INSTRUCTIONS TO FOLLOW:
Do not include the pictures; repeat the rest of the data exactly.

AVAILABLE DATA:
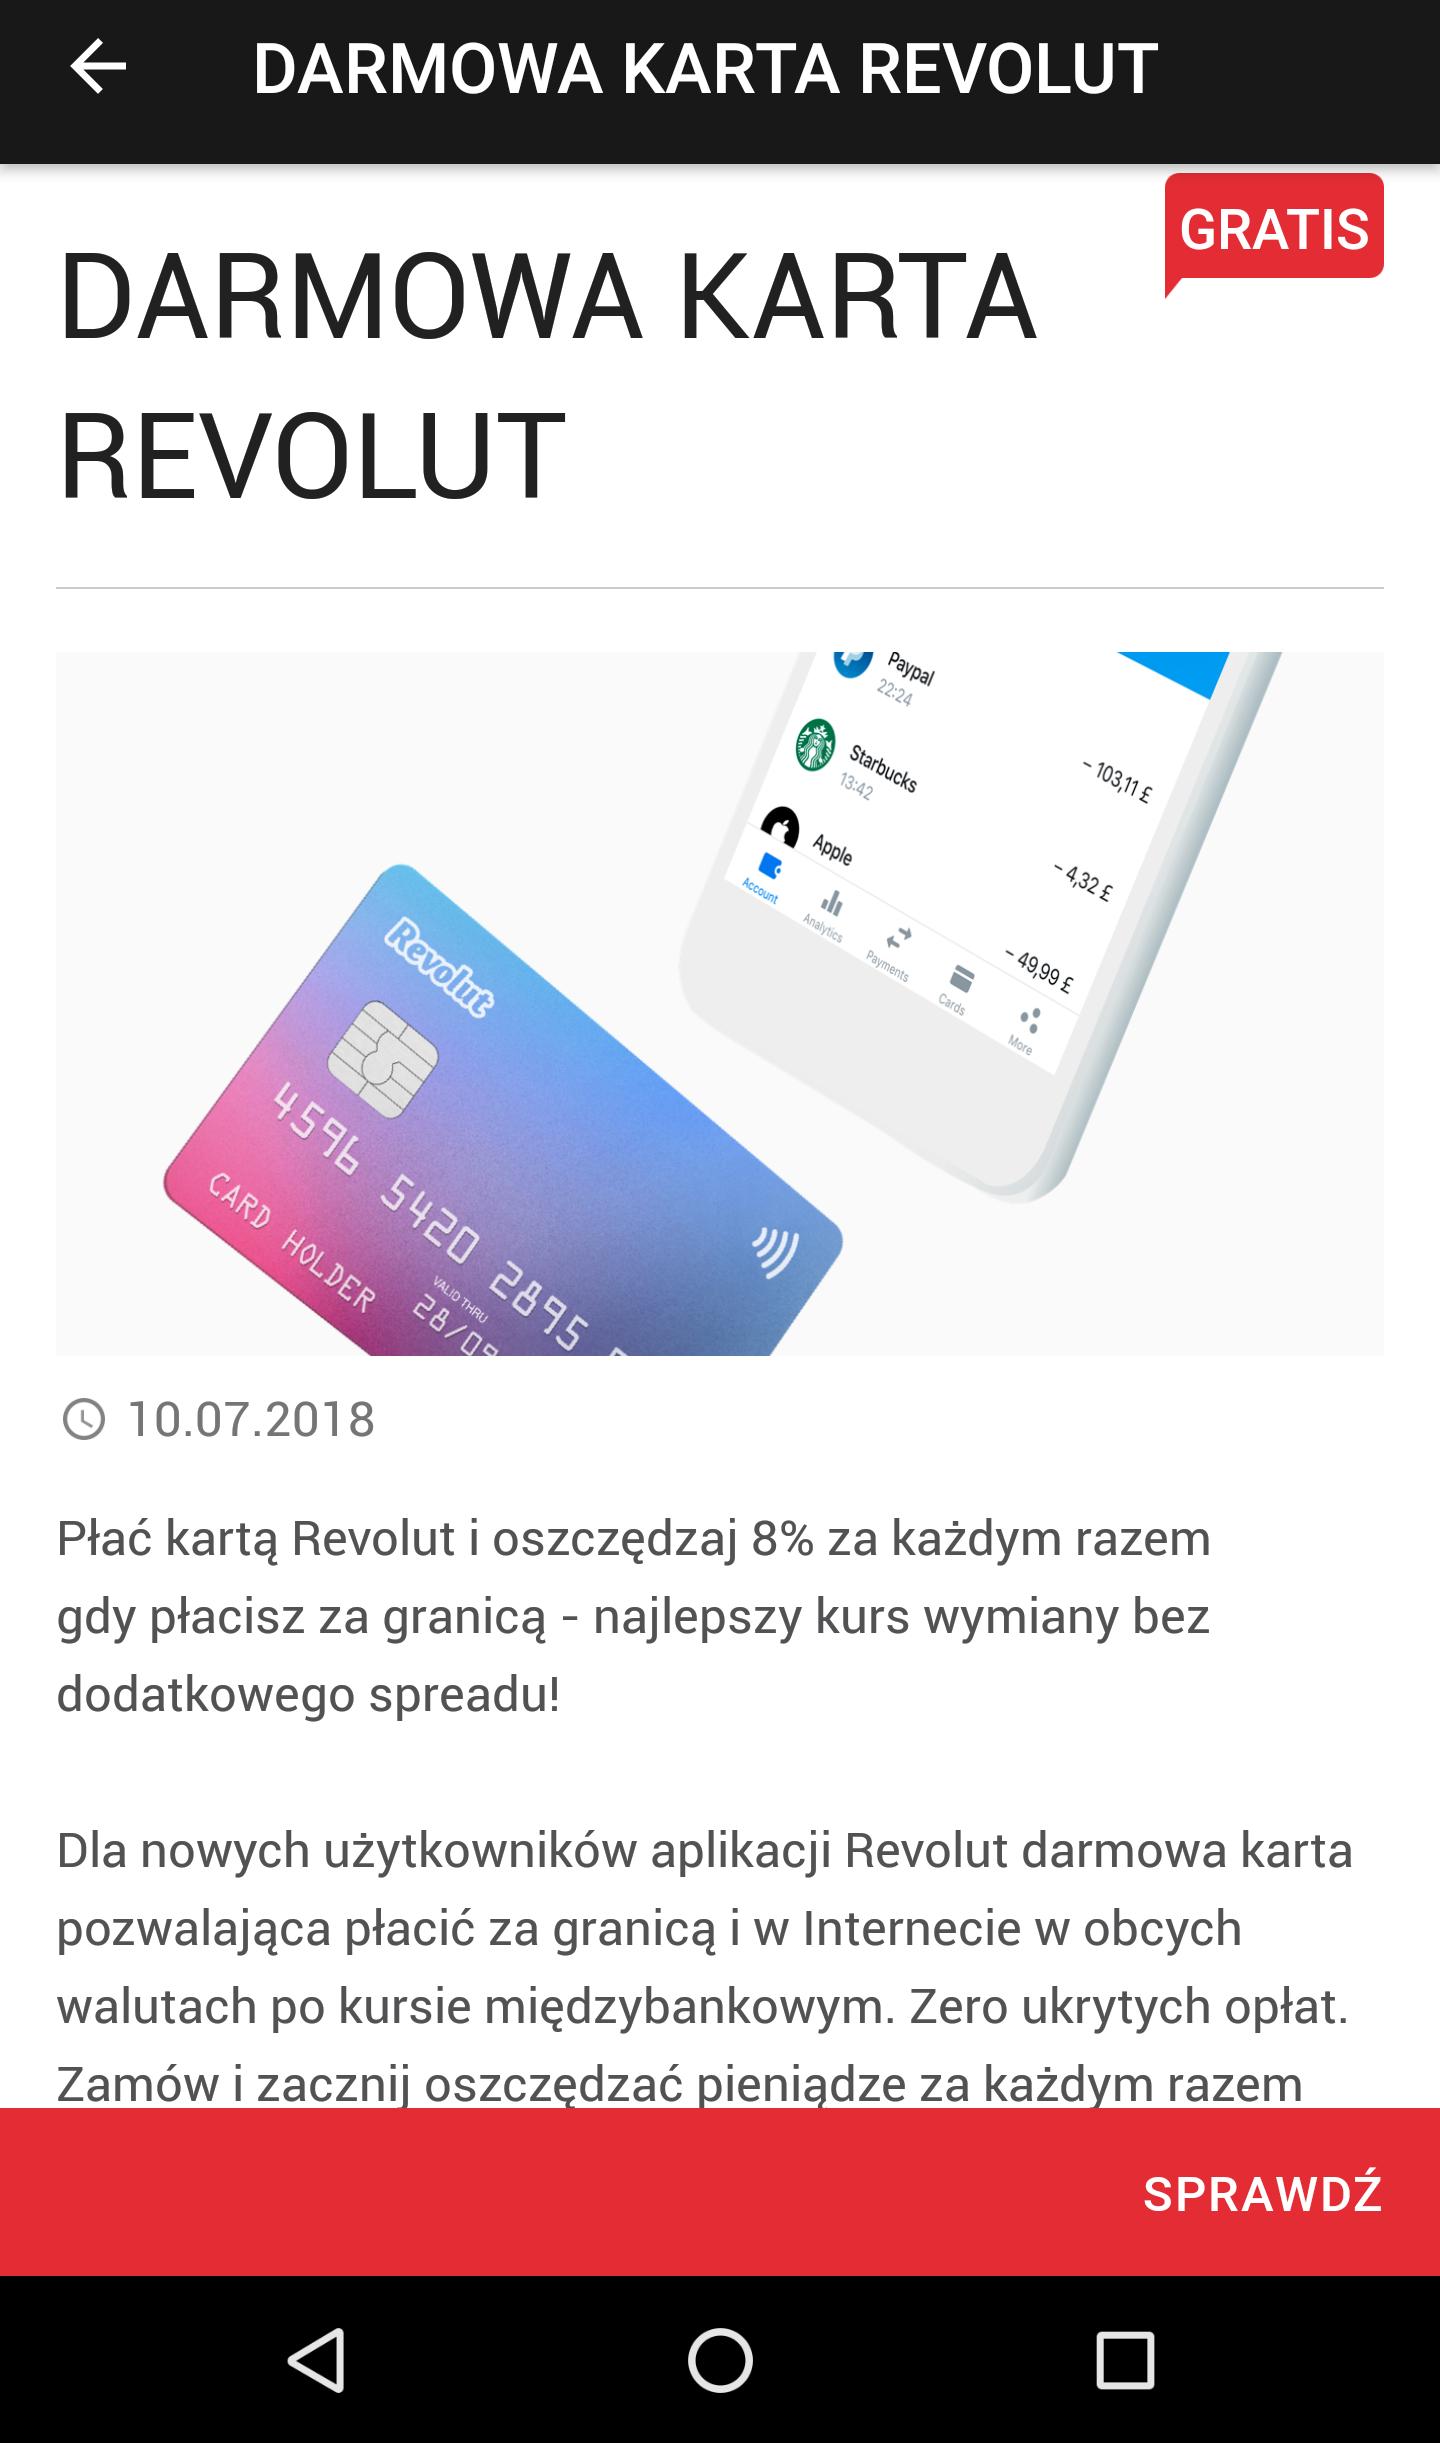 [Revolut] Darmowa karta dla nowych kont - tym razem przez aplikację Yanosik
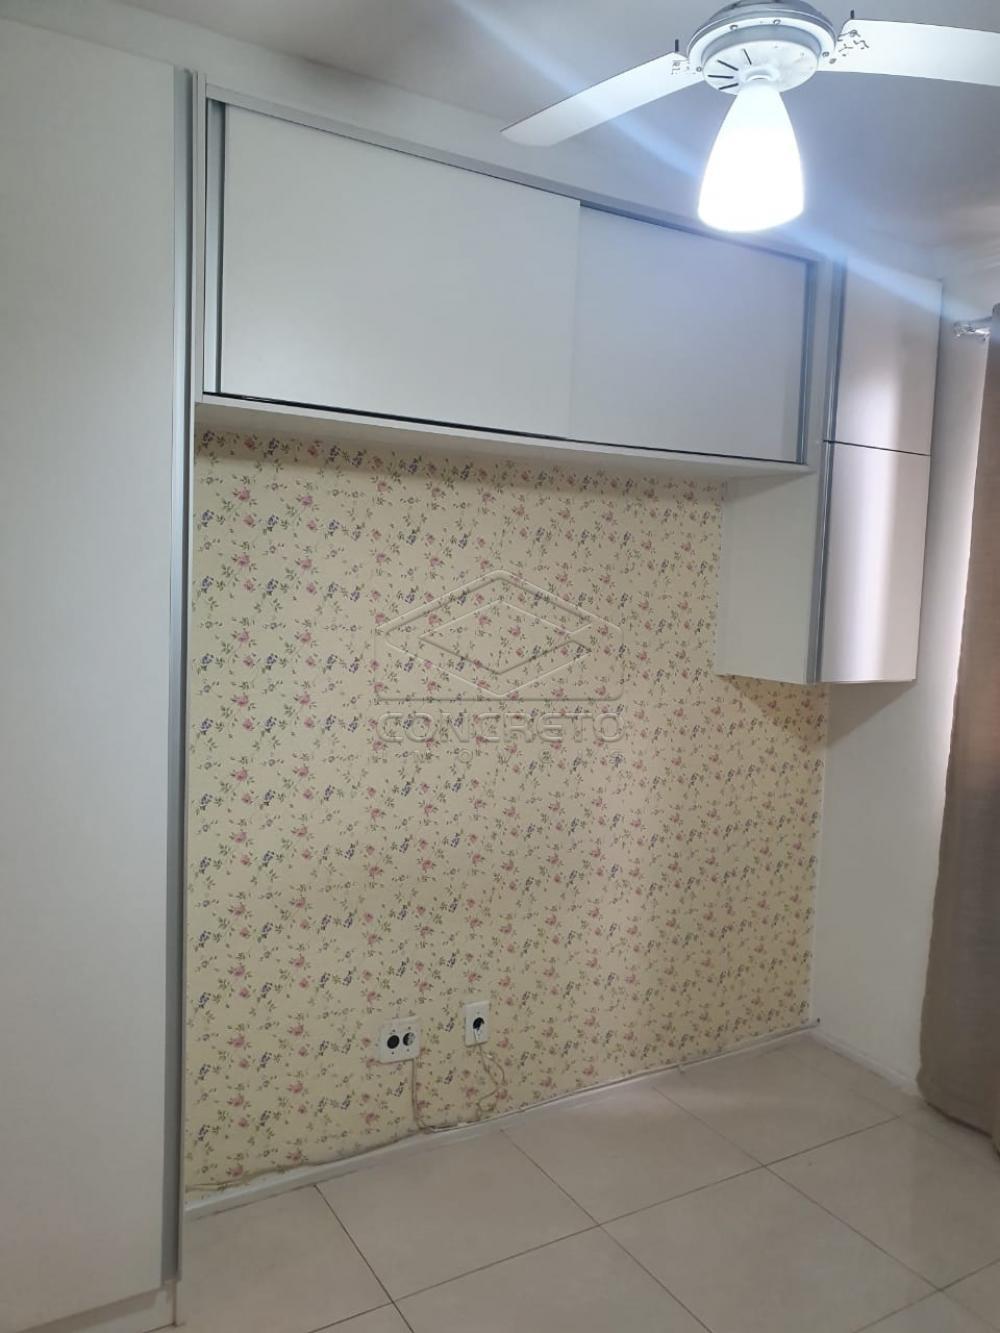 Comprar Apartamento / Padrão em Bauru apenas R$ 400.000,00 - Foto 2
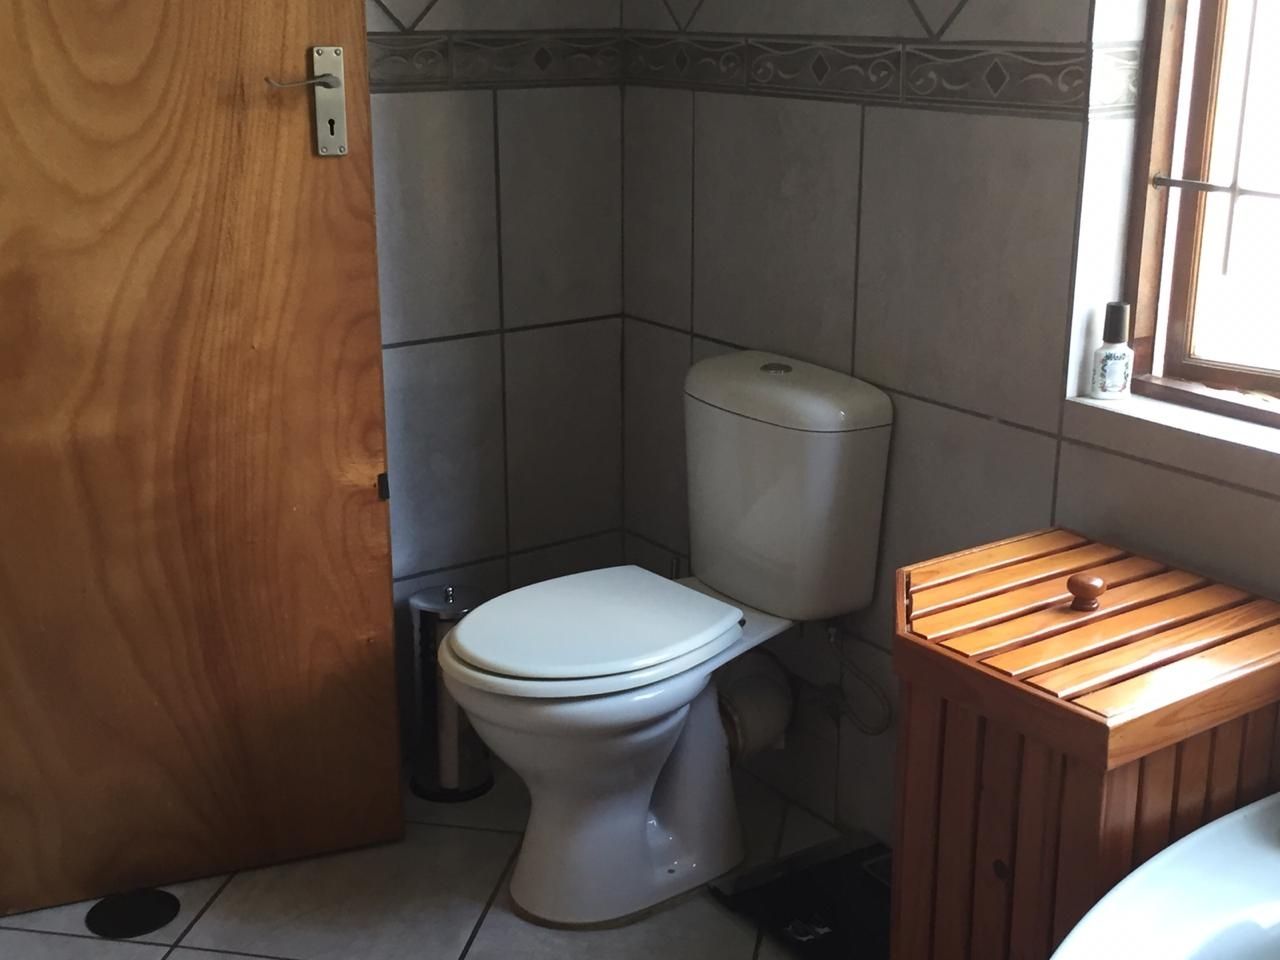 Toilet in en-suite bathroom
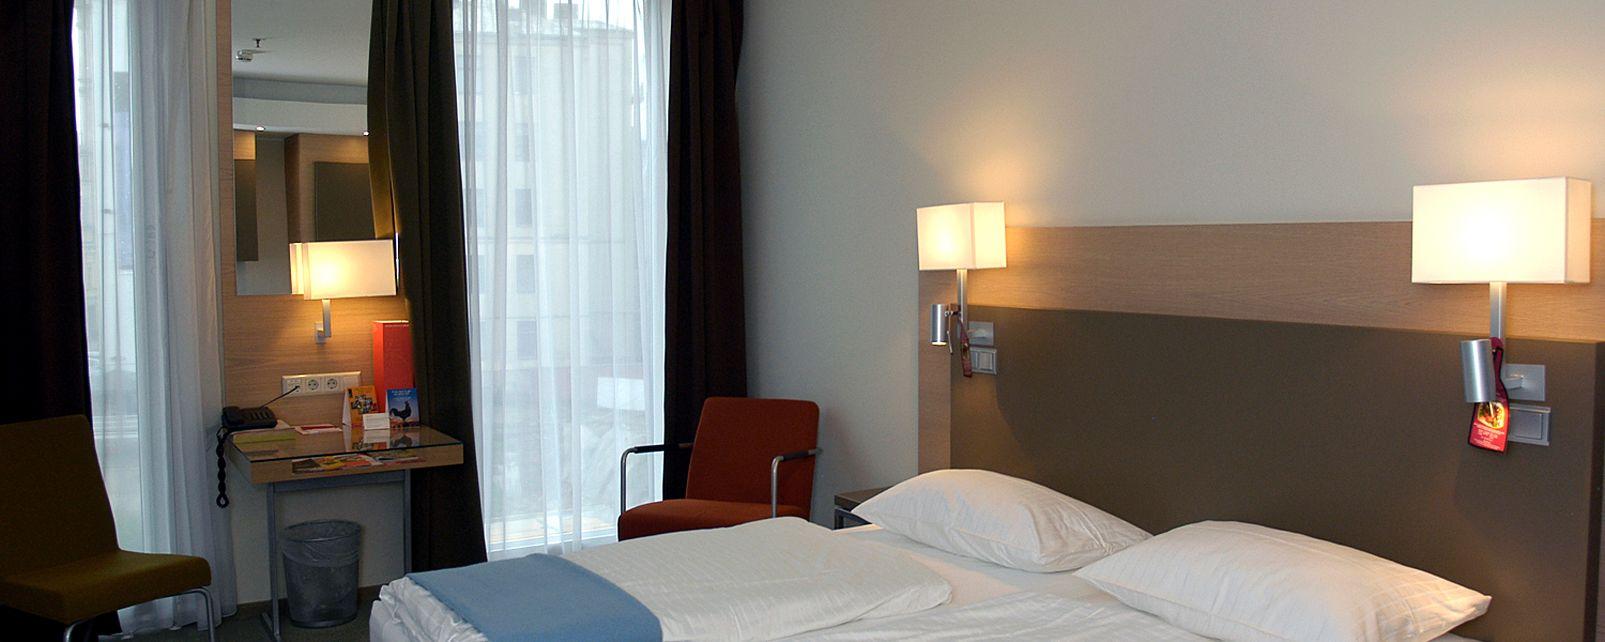 Hôtel Reval Riga

EXPECTED ANSWER:
 [Revolut] Darmowa karta dla nowych kont - tym razem przez aplikację Yanosik
 Comprar Apartamento / Padrão em Bauru apenas R$ 400.000,00 - Foto 2
 Toilet in en-suite bathroom
 Hôtel Reval Riga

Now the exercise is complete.